In this conference, we would like to explore the unstable boundaries between the private and the public spheres, from ethical, legal, political, economic and social standpoints. This invites us to ponder over how the legal definition of the right to privacy is delineated in English-speaking societies, and over the identities of the people whose privacy can “legitimately” be invaded and/or scrutinized. On the other hand, staging one’s privacy can be used as a way to gain political or economic power: it can be part of the activist toolbox to destigmatize a conduct in order to gain rights or as a commodity to establish a political campaign. It can also be a business and as such become commodified through social media companies who pay content creators to reveal their private lives to their audiences. The way intimacy is staged on such a public platform is worthy of inquiry as well as the impact of such staging on the audience.

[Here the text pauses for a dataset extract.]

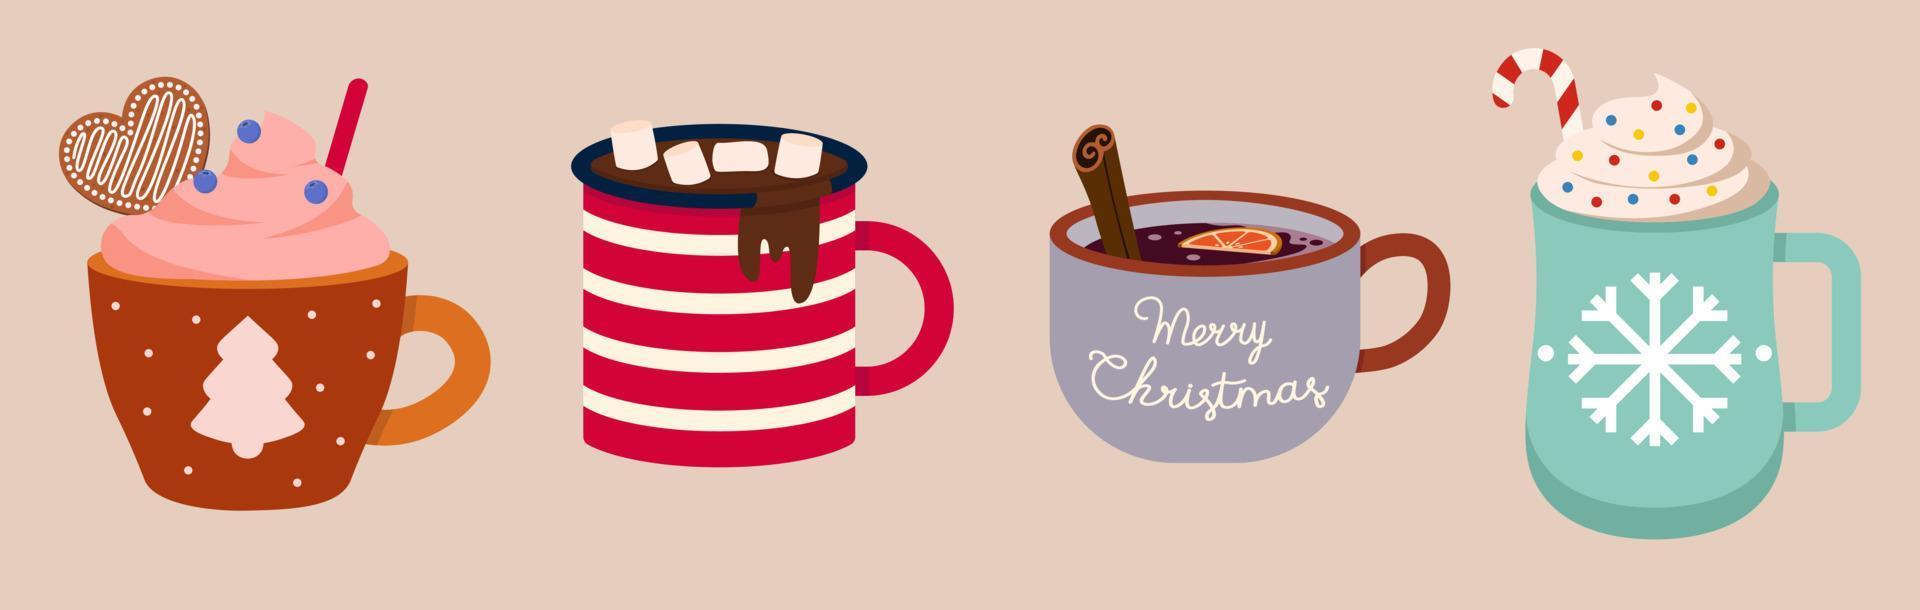 Set Of Christmas Beverages, Drinks With Marshmallow Colorful Vector Illustration In Flat Style

Ultimately, is the personal always bound to be political? Among the possible avenues of inquiry, we will consider papers that fall under the
following themes:
➢ State, institutions, justice and intimacy: How is private life regulated? By whom? Whose private life is regulated? Censorship ; judicial and legal debates over the definition of privacy ; public entities scrutinizing people’s private lives (custody and adoption cases, etc.) ; denunciation and whistle-blowing, etc.
➢ Privacy and surveillance: privacy in prison ; police state and surveillance state ; protecting data and online privacy
➢ Intimacy and activism: the fight to protect the right to privacy ; sharing one’s private life to raise awareness and/or to destigmatize a conduct or an identity ; militant memoirs, and ego-documents, etc.
➢ Staging intimacy: staging one’s private life (social media, reality tv, the media) ; private life and politics ; biopics, etc.
➢ Intimacy as a commodity: family blogs and family channels on the internet, social media and Youtube (economic and financial aspect, audience, ethical dimension and relation to norms) ; business of private life protection, etc.
➢ Intimacy and medical power : doctors and the body ; medical authority and patients ; consent and refusal of care, etc.
Proposals of 250 to 500 words in English or in French accompanied by a short biography should be sent to eglantine.zatout, irene.delcourt and marie.moreau before March 25th 2024. All approaches to the subject are welcome: historical, judicial, sociological, political, cultural (literary, artistic, cinematographic…), economic. We welcome proposals from experienced researchers, doctoral and other graduate students.